With the advance of our understanding of the human genome and the endeavor of searching for the missing heretibility, a natural question is how to apply simpleM (essentially the PCA idea) to copy number variants (CNVs) and rare variants. CNVs inferred from microarray intensity data are represented by segments of either discrete copy numbers, e.g. from PennCNV [Wang, et al. 2007], or fractional counts, e.g. from Partek® (http://www.partek.com/). It is not immediately clear how users should do statistical tests and adjust for multiple comparisons with copy number segments. A simple solution is to map the segments back to the microarray matrix with the rows and columns representing locus and individual IDs, and cell values as the inferred copy numbers.
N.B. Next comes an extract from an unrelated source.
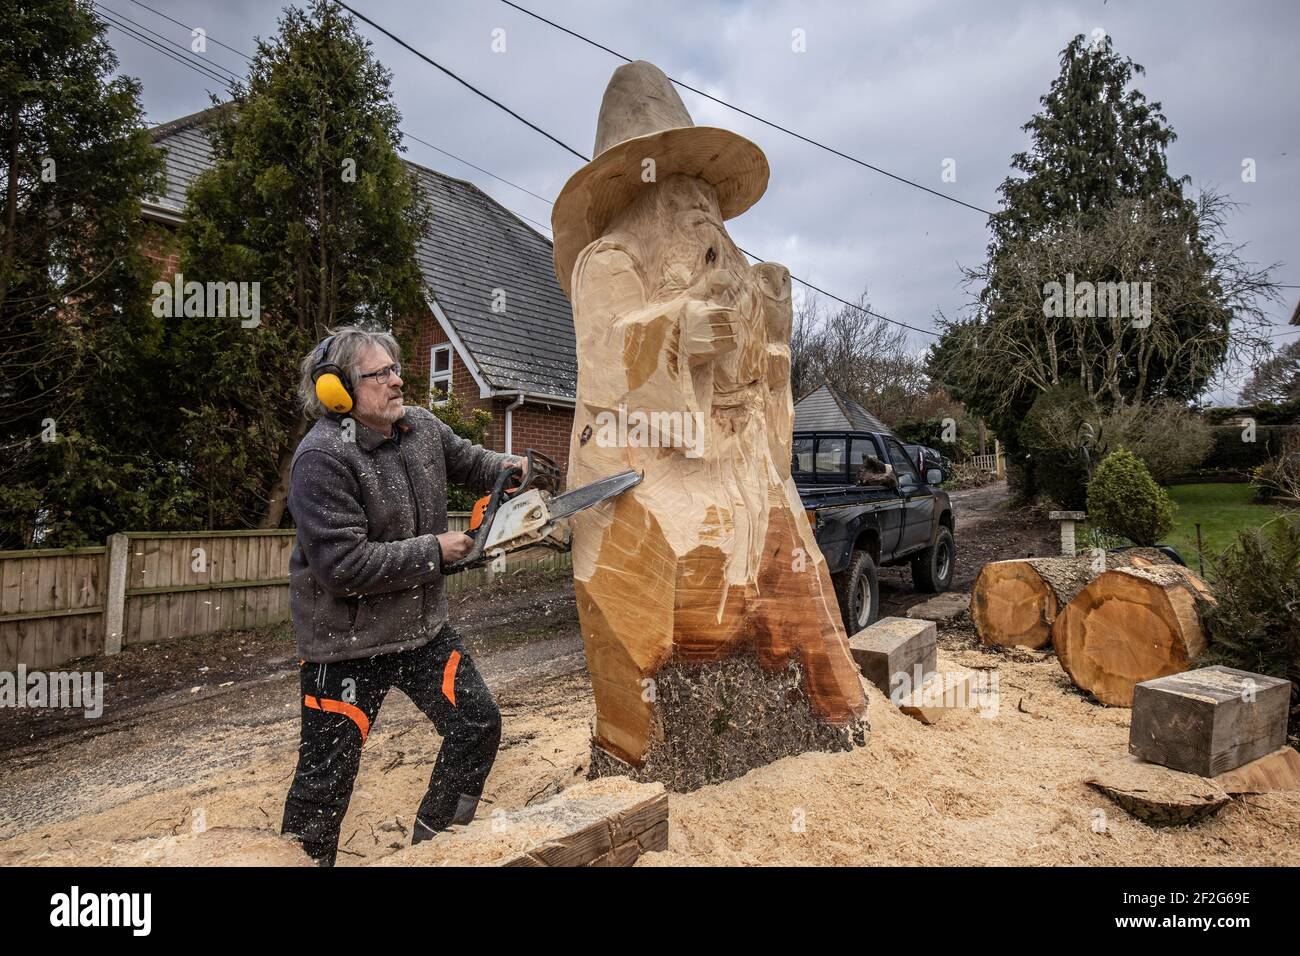 Jona Cleaver carving a giant sized wood sculpture of Gandalf from Lord of The Rings out of a maple tree for a private commission, Hampshire, England Stock Photo

Since only a limited number of regions harbor CNVs, all the regions without CNVs (i.e. only show the normal 2 copies for all individuals) can be skipped, which can greatly reduce the multiple comparison burden. Then, simpleM can be applied to this matrix of copy numbers. For rare variants, data analysis usually requires collapsing of neighboring multiple rare mutations into “super” loci [Li and Leal 2008; Madsen and Browning 2009]. simpleM can be easily applied to these “super” loci, which may be represented as fractional counts and weighted by allele frequencies. In the analysis of sequence variations, analyses may be conducted using data from the extremes of the phenotype distribution, e.g. the upper and lower 5% of the phenotype distribution [Cohen, et al. 2004], where small sample sizes are likely to occur and test statistics based on asymptotic theory do not hold. Fisher’s exact and permutation tests can be applied to these situations. Permutation tests may not be formidable in small sample sizes situations as compared to GWAS, which require thousands of individuals.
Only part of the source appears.